The cookiecutter, also known as the cigar shark, has an unusual anatomy with a short conical snout, unique mouth and suction lips. The eyes are set forward close to the front of the head which is different from the typical shark whose eyes are on the opposite sides of the shark’s snout. It has an elongated fusiform body shape, giving it the moniker cigar shark. These sharks are typically brown in color with an even darker brown collar. The dark patch of the throat, contrasting against the glow of the underside, is thought to appear like a small fish when viewed from deeper waters. Interestingly, this species of shark is also known to have photophores, a light producing organ present in many bioluminescent fish.
While female cookiecutters can grow up to 22 in (56 cm), the males are only reach 16.5 inches (42 cm). This species of shark is ovoviviparous, meaning they give live-birth from eggs that hatch and develop internally. Litter size is typically between 6-12 pups. Like many deepwater species, not much is known about their birthing sites or where the pups forage and develop.
Where do they live?
These sharks have a broad geographical range and are observed mostly around the eastern Pacific and Indo-Pacific ocean, and found off the coasts of equatorial, and oceanic islands. They have also been recorded around Mauritius, and in temperate waters off New Zealand, and Japan. The cookiecutter is rarely observed due to its tendency to dwell in deep waters more than 1000 m down during the day. They rise vertically to feed 300 m to feed, although they are also known to enter the shallow photic zone up to the surface at night. It’s believed that the shark uses its bioluminescence as a form of aggressive mimicry, where the shark will imitate the appearance of a harmless species, attracting and tricking would-be predators that become the cookiecutter’s prey.

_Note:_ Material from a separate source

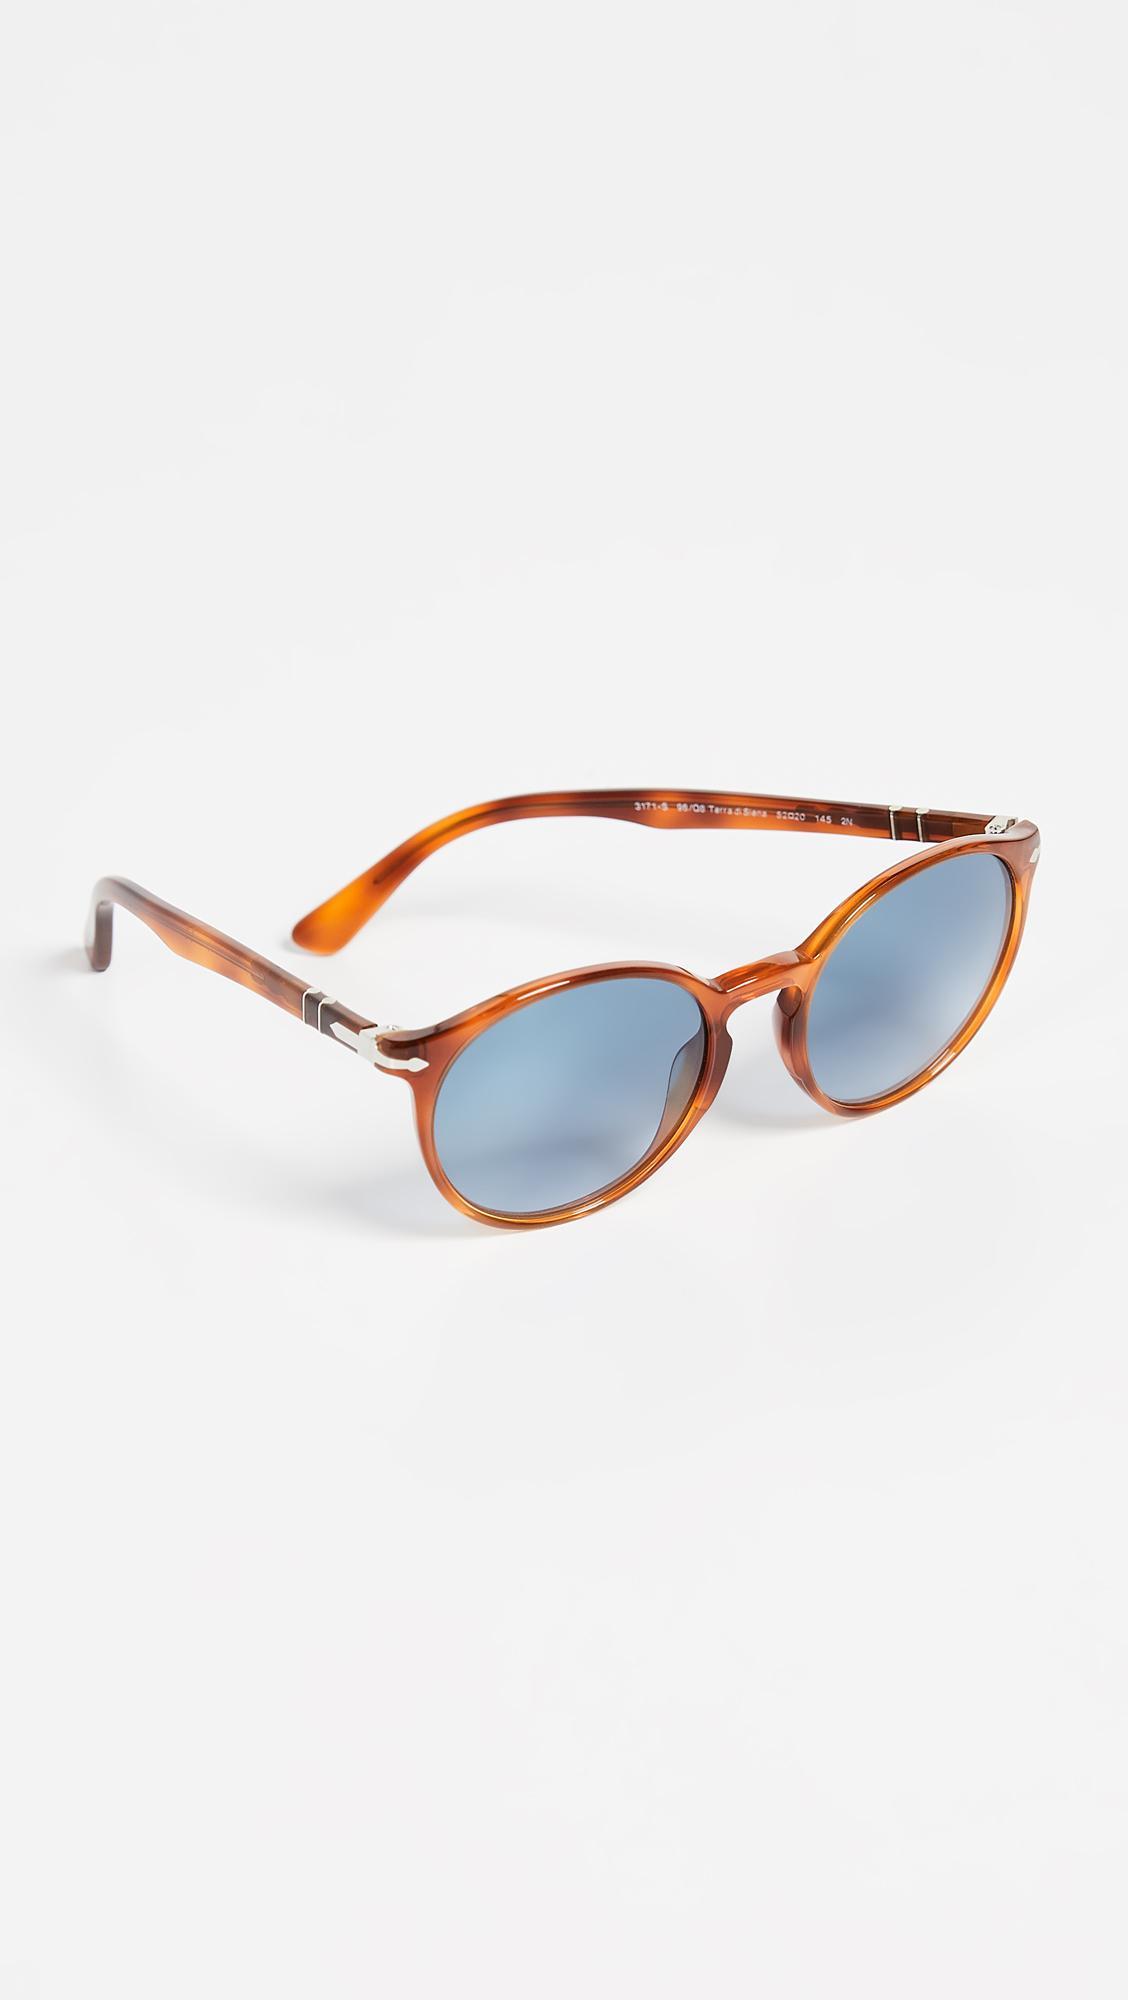 3cea9e1e6567a Persol - Blue Terra Di Siena Round Sunglasses for Men - Lyst. View  fullscreen
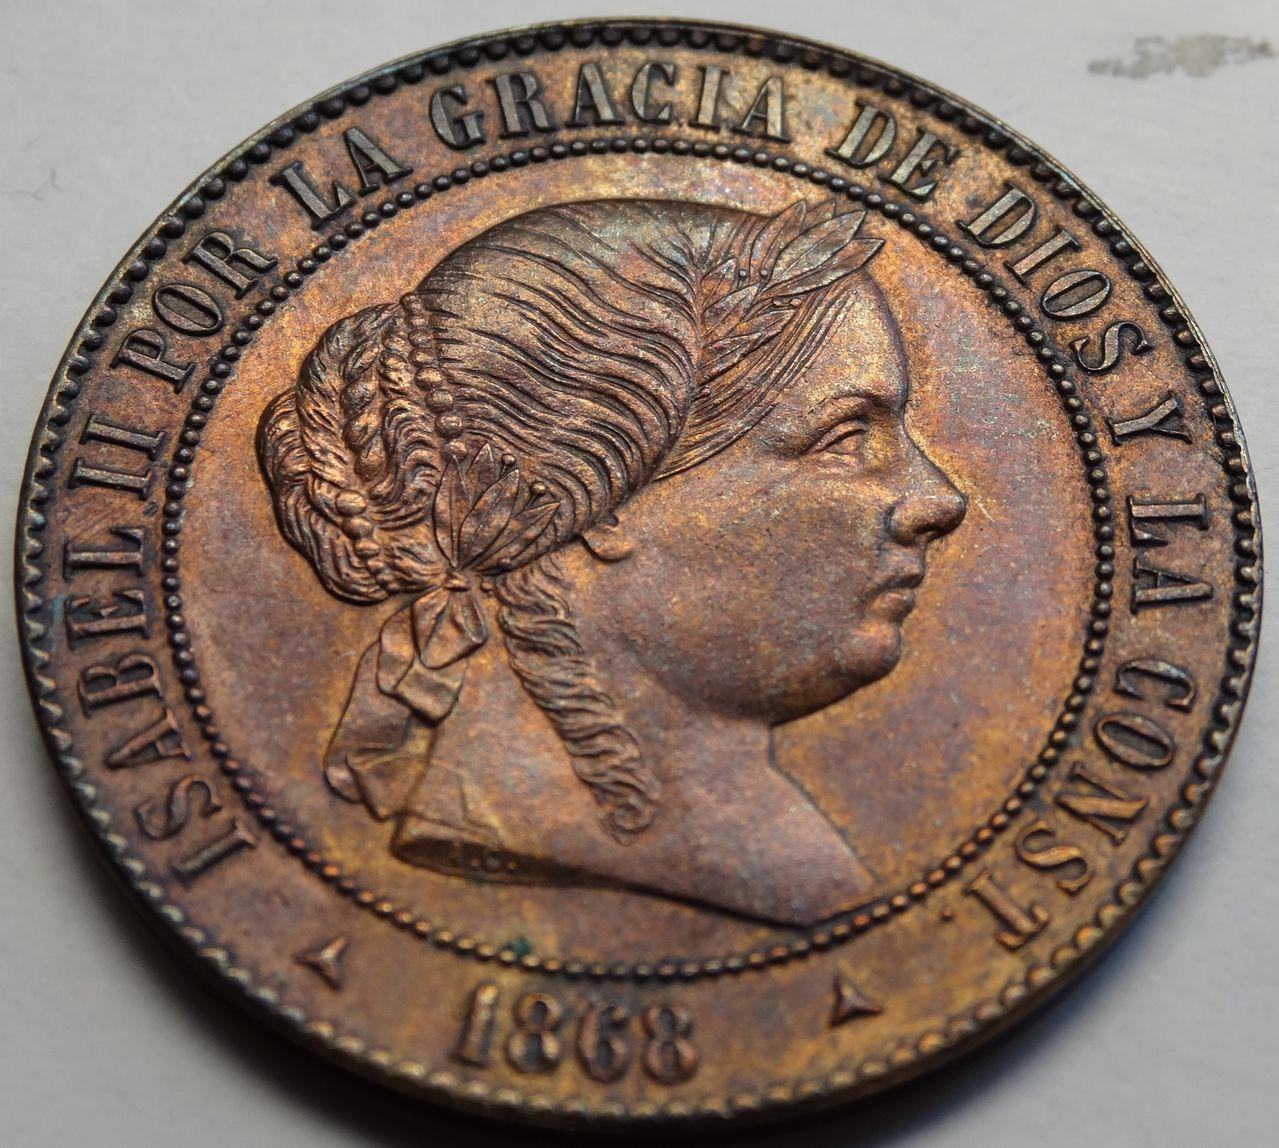 5 CENTIMOS DE ESCUDO 1868 SEGOVIA ISABEL II SC DSC02486

Although not fatal, the cookiecutter shark exhibits an especially gruesome kind of bite, leaving symmetrical crater wounds on the surfaces of larger fishes, open-water swimmers, other sharks, and sometimes drowning victims. These wounds bleed profusely and heal slowly and are quite painful, although attacks on humans are extremely rare.
The first description of an incident involving a cookiecutter shark occurred on March 16, 2009 after sunset, when one bit a long-distance swimmer attempting to cross the Alenuihaha Channel from Hawaii to Maui. The Florida Museum International Shark Attack File (ISAF) lists two other incidents involving cookiecutters, both judged to be inflicted post-mortem. An unusually rare event occurred during daylight in 2017 in shallow waters when a 7 year old boy was bitten on the calf while snorkeling in North Queensland Australia. According to records maintained by ISAF, 2019 was the year of the cookiecutter shark. This species was responsible for three of the 64 global attacks in 2019. All three bites were on long-distance swimmers training in Hawaii’s Ka’iwi Channel at night.
The cookiecutter shark is killed as occasional bycatch in oceanic trawl and longline fisheries, including mid-water trawls. Given that its is not a targeted fishery, and the species is broadly distributed, it is assessed by the IUCN as Least Concern.